Oil & Gas Journal
HOUSTON, Nov. 14 -- The US Mineral Management Service has proposed that wells with subsea wellheads completed after Jan. 1, 2005, have the means for monitoring casing pressures.
MMS issued a notice of proposed rulemaking to amend its regulations for oil and gas well completion operations. Under the proposal, published in the Nov. 9 Federal Register, operators would have until Jan. 8 to comment on the proposed rule.
The requirement represents a technical challenge to existing subsea wellhead designs, where casing annuli are isolated once subsequent casing strings are landed in the wellhead during the completion of wells, according to wellhead manufacturers. Unlike land and platform surface wellheads, which have the capability to monitor pressure between casing stings, penetrations into the subsea wellhead system are intentionally minimized to reduce possible leak paths, preventing operators from monitoring casing annuli pressures.
The MMS estimates the operators' economic impact to be about 5% of the $3.5 million cost for an existing subsea wellhead, or an incremental cost of about $175,000/well.
Bobby Voss, project development manager for ABB Vetco Gray Inc., Houston, said this might be reasonable for the equipment costs. He said there could be other operational costs associated with the rule implementation.
Voss said the proposed rule revision is driven by concerns of annular fluid thermal expansion that could cause high pressure that, with existing subsea wellheads, cannot be monitored. This is a particular concern with high-temperature, high-pressure wells or when large temperature fluctuations between producing and shut-in conditions result in thermal expansion of annular fluids, he said.
Jim Regg, chief of technical assessment and operations support for MMS's Gulf of Mexico (GOM) region said the MMS has been willing to grant departure requests for GOM wells with subsea trees. He said MMS has done so based on a higher level of design and the application of best cementing practices that go into deepwater wells (OGJ, July 2, 2001, p. 37).
Regg said the higher level of design is apparent from the permitting documentation and completion reviews for deepwater wells. However, the fact remains that by not being able to measure pressures in the annuli, the industry is operating blind in this regard. Regg said MMS encourages operators to think out of the box to develop technologies and methods for safely completing and operating oil and gas wells in the deepwater GOM.
Senior drilling personnel with several major operators in the Gulf of Mexico had little comment yet on the proposed rulemaking. One operating company employee said the narrow window between pore pressure and fracture gradient in the GOM, generally requiring a large number of casing strings, results in well completions that inherently should have fewer annuli pressure problems.

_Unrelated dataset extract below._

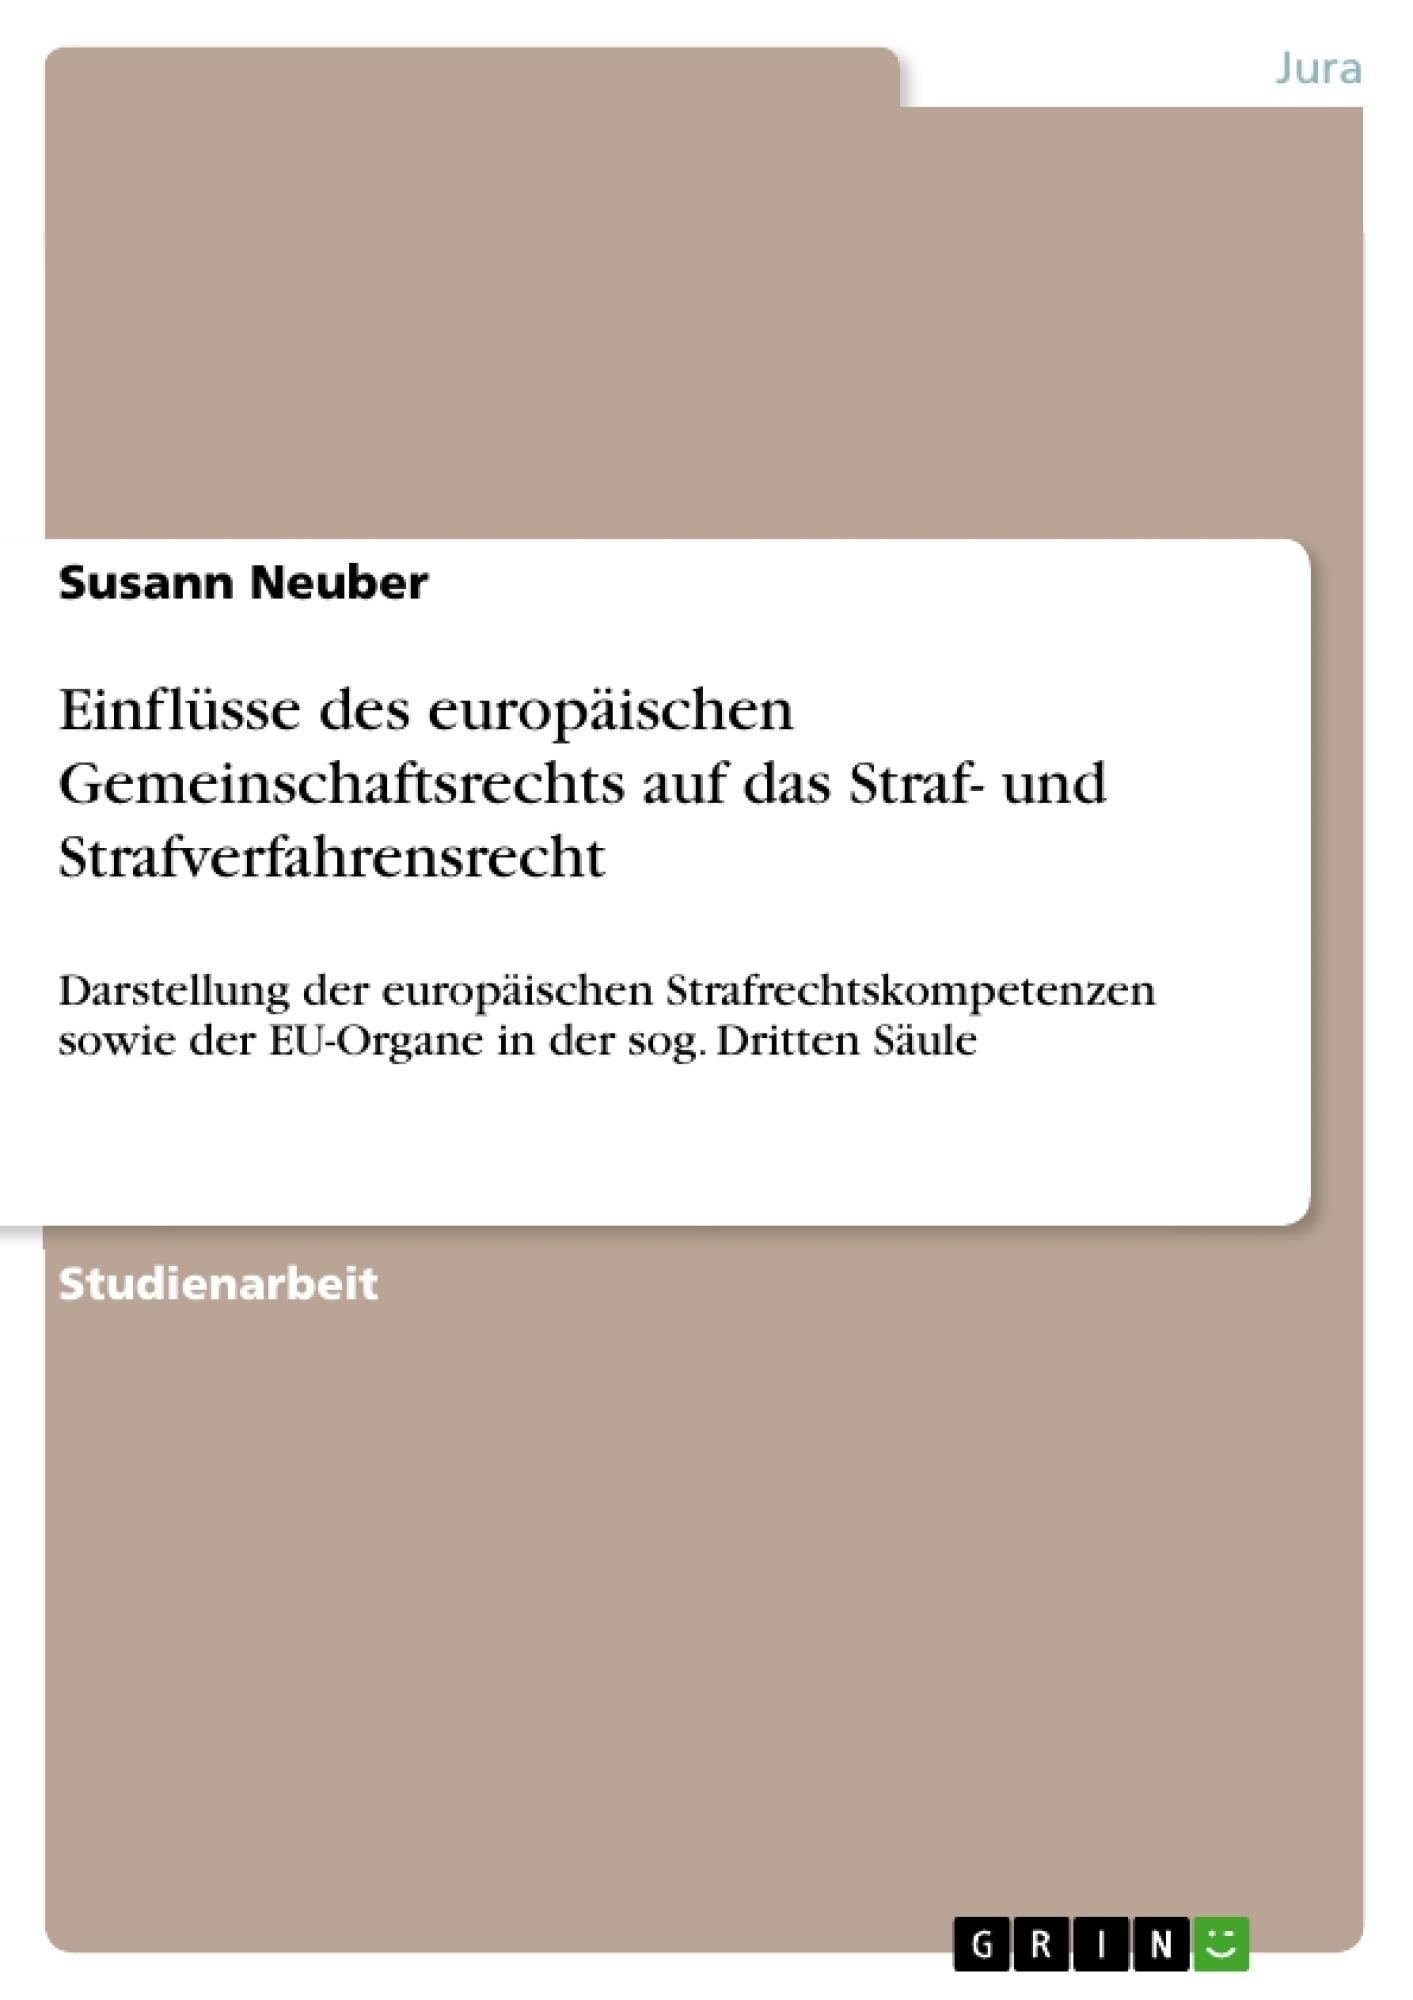 Titel: Einflüsse des europäischen Gemeinschaftsrechts auf das Straf- und Strafverfahrensrecht

Other provisions of the proposed rule change will affect lease transfers. In the course of lease transfers, MMS proposes that the current lease operators be required to review all casing data and provide reports on the status of all wells with sustained casing pressure (SCP) to both the MMS and the new operator.
The proposed rulemaking also seeks to codify existing MMS procedures requiring operators to request a departure from MMS regulations to operate wells that have SCP, ensuring uniform regulatory practices among MMS regional offices.
For several decades, the MMS has required operators to monitor and diagnostically evaluate any measured casing pressure in oil and gas wells. MMS defines casing pressures to be either sustained or unsustained.
Unsustained pressure can occur through gas-lift or water-injection pressure which operators impose on the well. Thermal expansion of existing casing annuli fluids can also create unsustained casing pressure, which can raise well integrity concerns depending on the magnitude of temperature change as wells are produced and shut-in.
SCP occurs between a well's casing and tubing, or between strings of casing, if pressure rebuilds after being bled down. MMS says that data gathered indicates SCP is caused by leaks in production tubing, tubing connectors, in seals, and in other equipment. Poor casing cement bond and channeling in cemented annuli can also cause SCP.
Left uncontrolled, according to MMS, SCP represents a safety hazard. During the period 1980 to 1990, the oil and gas industry in the Gulf of Mexico suffered four serious accidents as a result of high SCP, and the lack of proper control and monitoring of these pressures.
In response, MMS developed a policy for the GOM outer continental shelf, which has evolved into the current regulation 30 CFR 250.517, under which lessees must effectively monitor the SCP of wells in an attempt to avoid future accidents.
MMS has interpreted the regulation to mean that no SCP is to be maintained on any annulus of an OCS well, for normal operation. Lessees may operate wells with SCP after obtaining MMS approval of a departure request. The lessee must perform diagnostic tests of the casing pressure and report all casing annuli pressures in order to submit the departure request.